The Con is the fifth studio album by Canadian indie pop duo Tegan and Sara, released on July 24, 2007. The album charted at number 4 in Canada and at number 34 on the Billboard 200 in the United States. Two singles were released from the album, "Back in Your Head" and "The Con", which both had music videos filmed for them.

Guest performers on the album include Jason McGerr of Death Cab for Cutie, Matt Sharp of The Rentals and formerly of Weezer (on Sara's songs), Hunter Burgan of AFI (on Tegan's songs) and Kaki King.

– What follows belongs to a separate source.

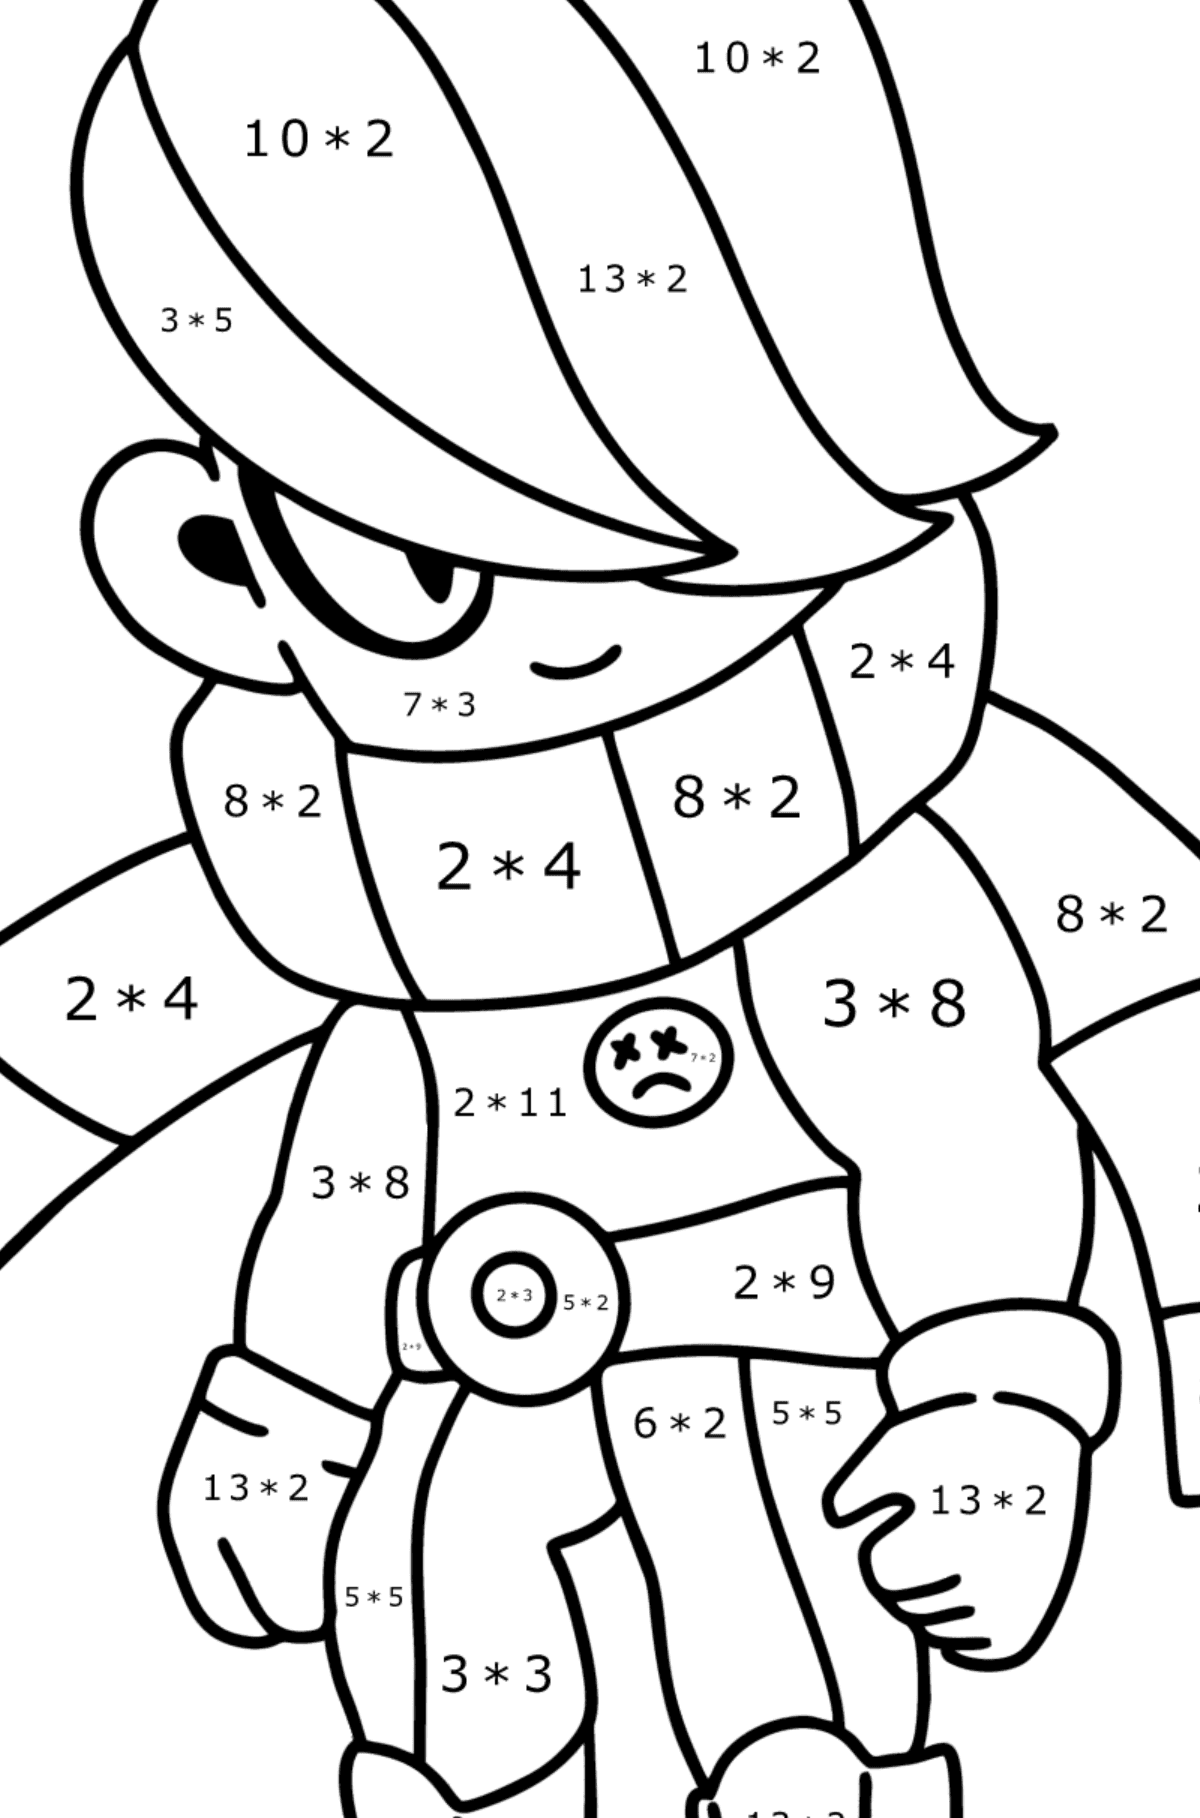 Brawl Stars Edgar coloring page - Math Coloring - Multiplication for Kids

The title track was featured in rhythm video game Rock Band 3.

==Background==
The album was written during a period of intense emotional turmoil for both Tegan and Sara. Sara was struggling with Canadian immigration to get her American-born girlfriend a working visa so they could live together, while Tegan was dealing with the breakup of a five-year relationship. The twins were also mourning the death of their grandmother who, according to Tegan, had been like a second mother to them. She stated that these factors combined to make The Con "very dark and also very much about reflecting on getting older, long-term relationships and the end of things". The songs Tegan wrote for The Con were heavily influenced by Against Me!'s album Against Me! as the Eternal Cowboy.

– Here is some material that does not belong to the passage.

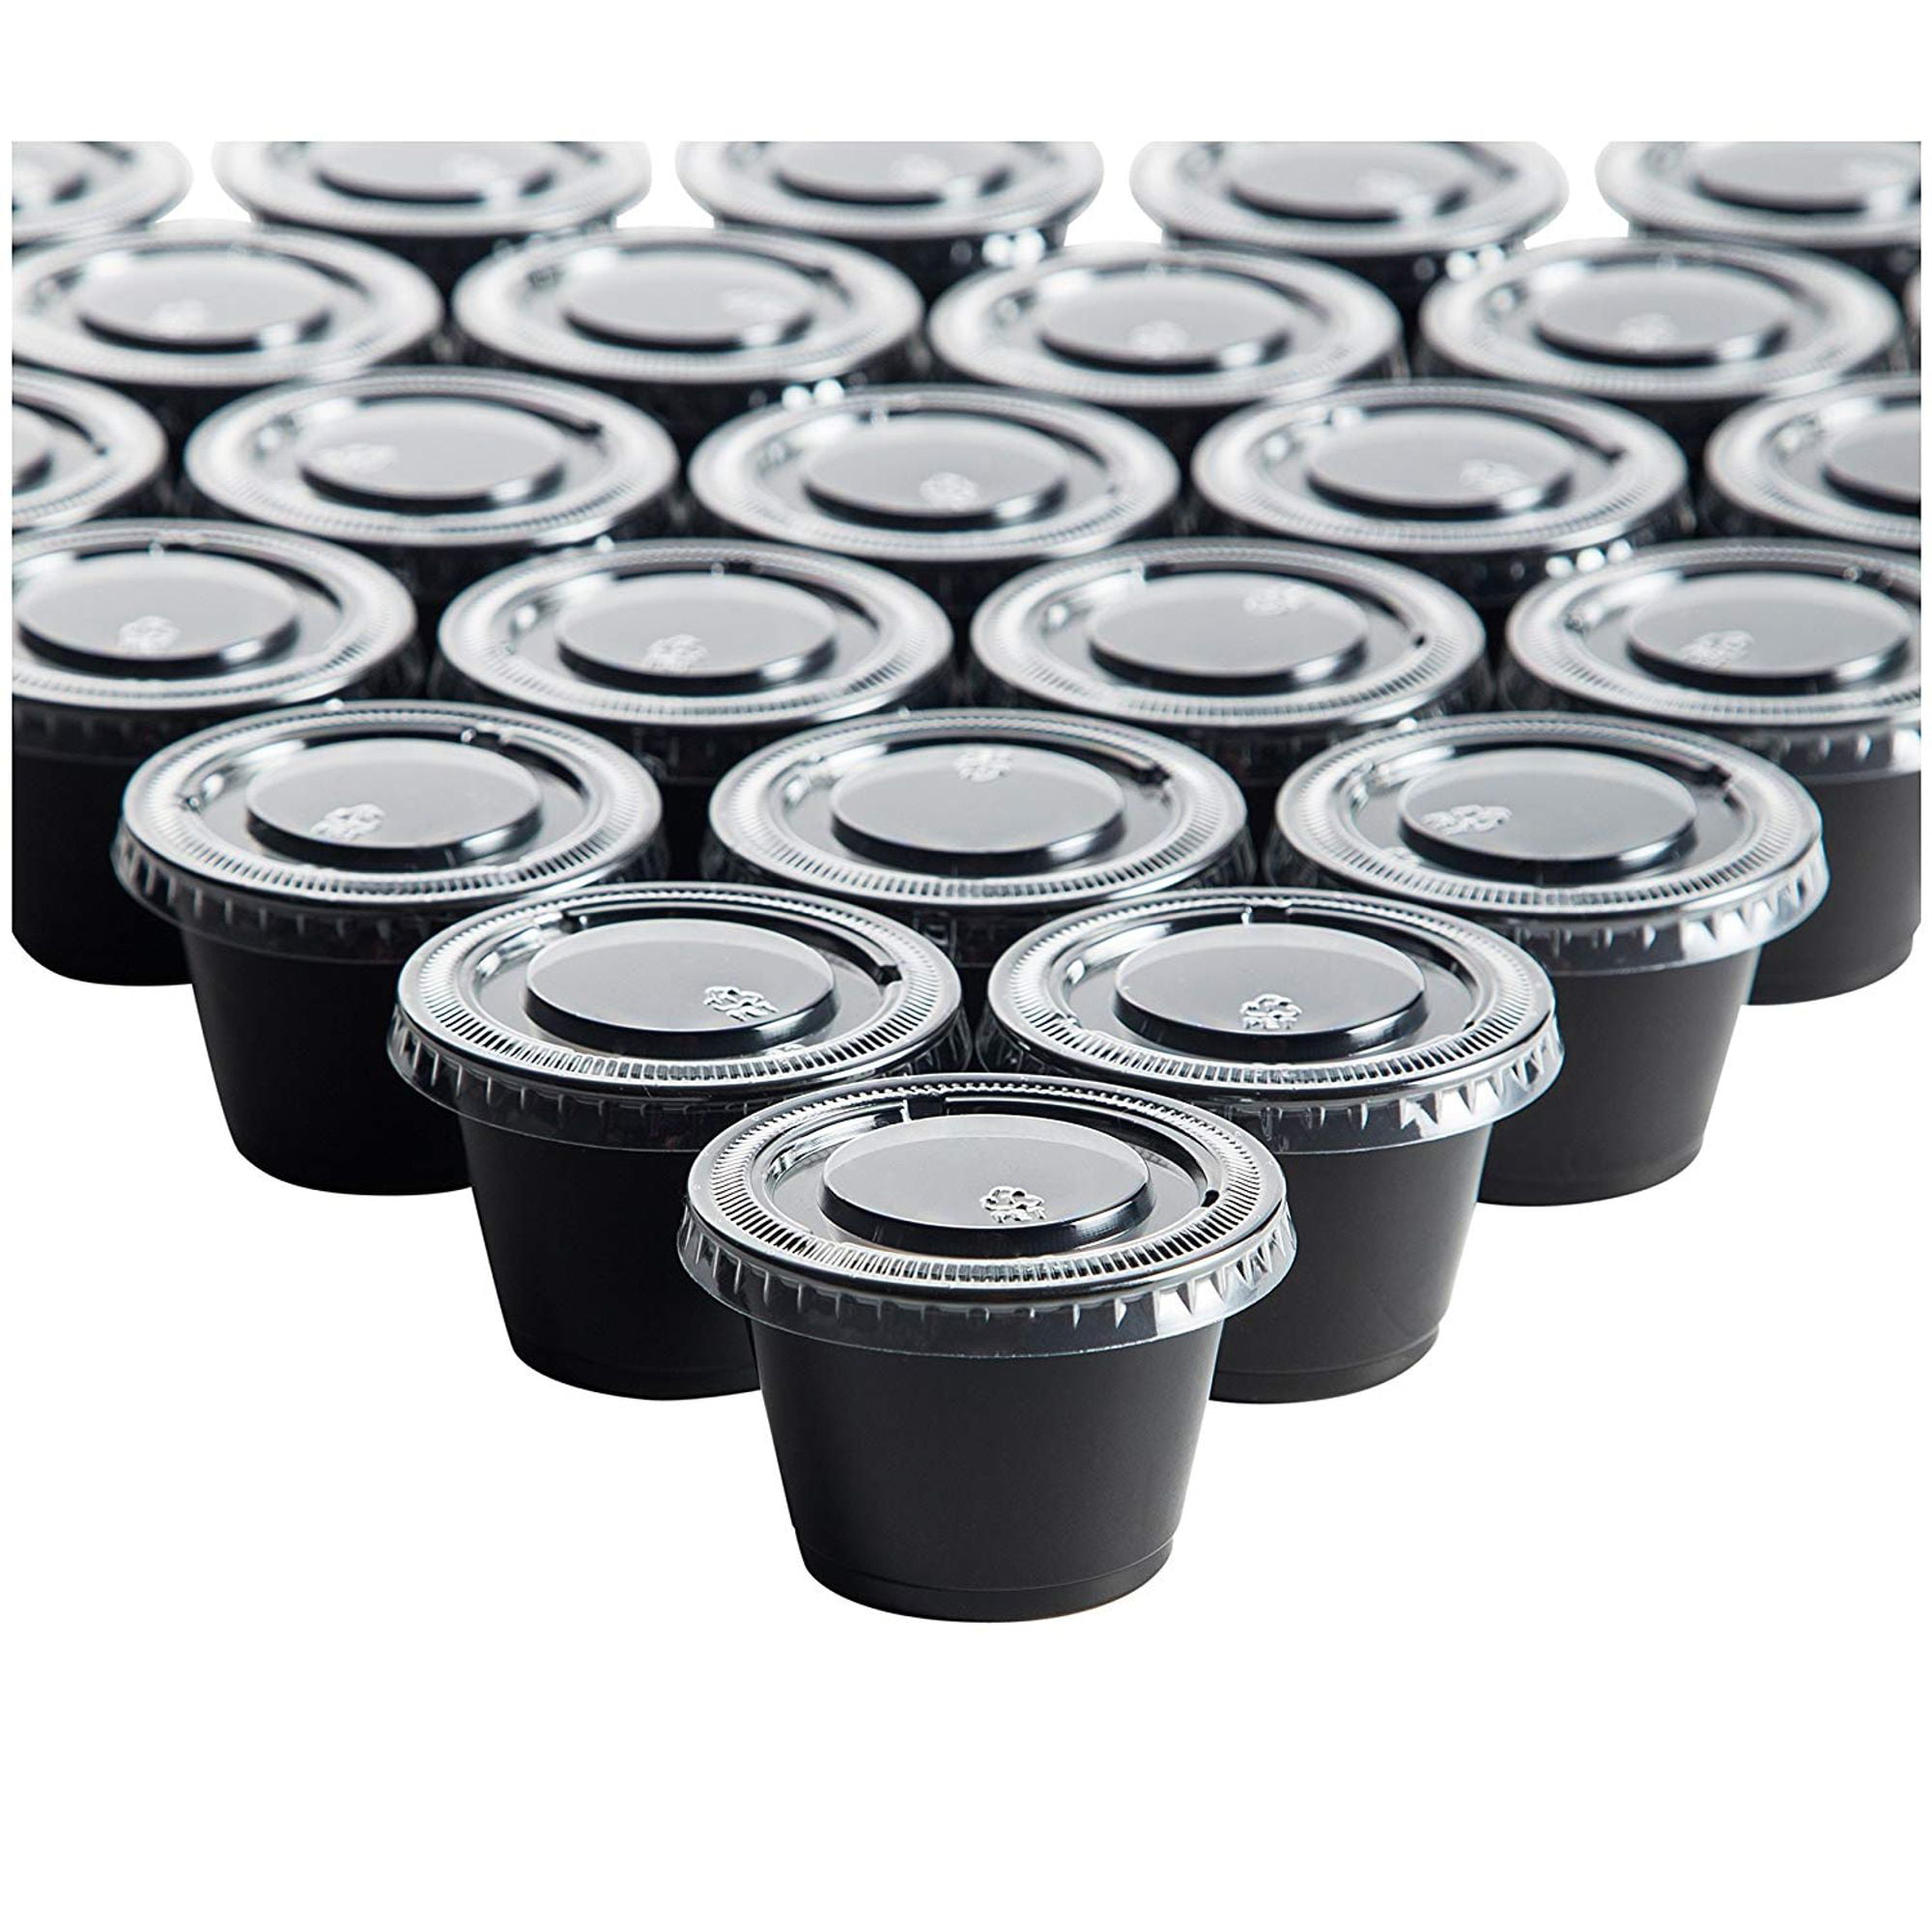 Plastic Portion Cups with Lids - 250-Piece Disposable to-go Sauce, Condiment, Sampling, Souffle ...

The DVD edition of the album reveals the title track "The Con" was tentatively titled "Encircle Me" and "Like O, Like H" was previously titled "SOS".

==Release==
In March 2007, the band announced the release of The Con, along with the track listing and other information. The Con was released on July 24, 2007 on CD, vinyl and as a digital download. As announced on their MySpace blog, a special edition CD/DVD was released at the same time as the CD-only version. The CD/DVD release has a Parental Advisory warning for profanity on the DVD, although the CD contains no explicit content. The album debuted at number 4 in the Canadian Albums Chart. The album also debuted at number 34 on the US Billboard 200, selling about 19,000 copies in its first week. In its second week, the album fell out of the top 50, to No. 69, selling about 10,000 that week, totaling at 29,000. The album continued to chart that year until September, when it charted at number 192 before it fell out of the chart completely. In November, they released the I'll Take the Blame EP, which featured "Back in Your Head", a remix of that song, and two new songs, released on CD and as a digital download.

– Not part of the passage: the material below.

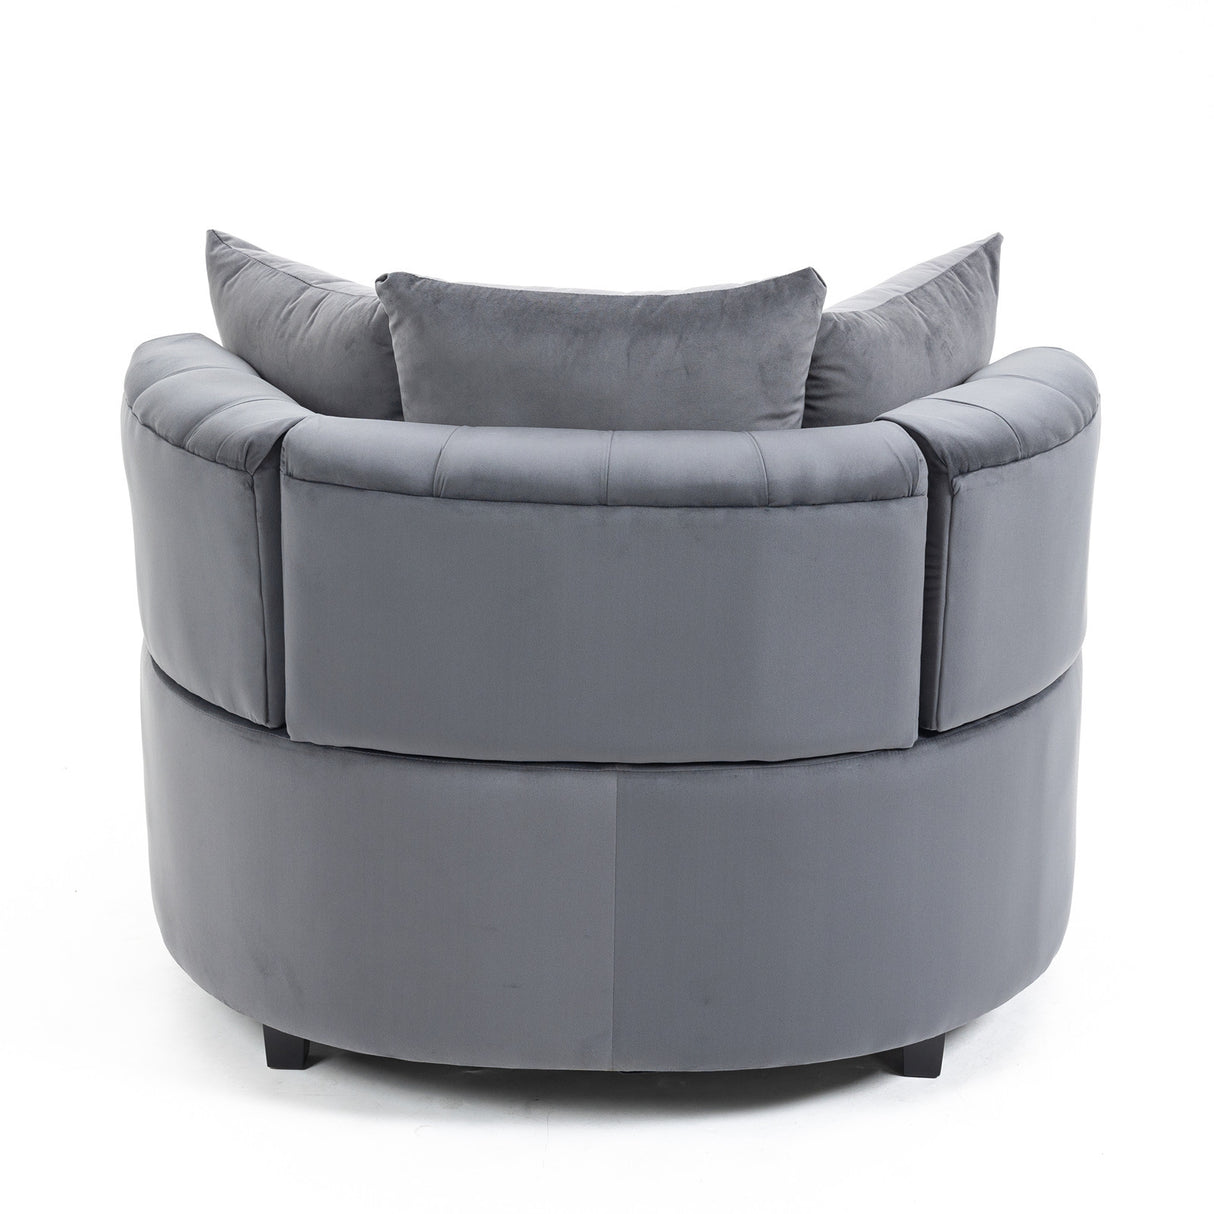 A&A Furniture,Accent Chair / Classical Barrel Chair for living room / Modern Leisure Chair (Grey) Home Elegance USA

The first single from the album, "Back in Your Head", was released on CD and digital download in February 2008, and a music video was filmed for the song. Two weeks later, "The Con" was released as a single, also receiving a music video. A music video for "Call It Off" was also released on September 15, 2008. They also went on tour for the album, and for the United States portion of their world tour of this album, they have posted a series of videos called "Trailer Talk" on their MySpace profile.

==Critical reception==

The Con received positive reviews from the media, scoring 80 out of 100 on review aggregator Metacritic. AllMusic gave the album four stars out of five, saying that "Though each sister writes and sings lead on seven tracks, it is Sara especially who writes the more intricate pieces ("Relief Next to Me," "Like O, Like H"), showing a more adult songwriter, one who has matured since her first work came out, while Tegan draws more from simpler emo and pop-punk arrangements ("Nineteen," "Hop a Plane"), her songs more straightforward, both compositionally and lyrically, than her sister's." Adding "But this isn't to say that there's a kind of disparity or harsh contrast on The Con." BBC said that "Throughout The Con Tegan and Sara navigate a course that is both experimental and faithful to their pop music past. Alongside the lighter, less emotionally fraught leanings is a countering sharpness that cuts to the quick." Ending the review saying "With chameleonic deftness, Tegan and Sara have created a mystifyingly absurd but extraordinary album."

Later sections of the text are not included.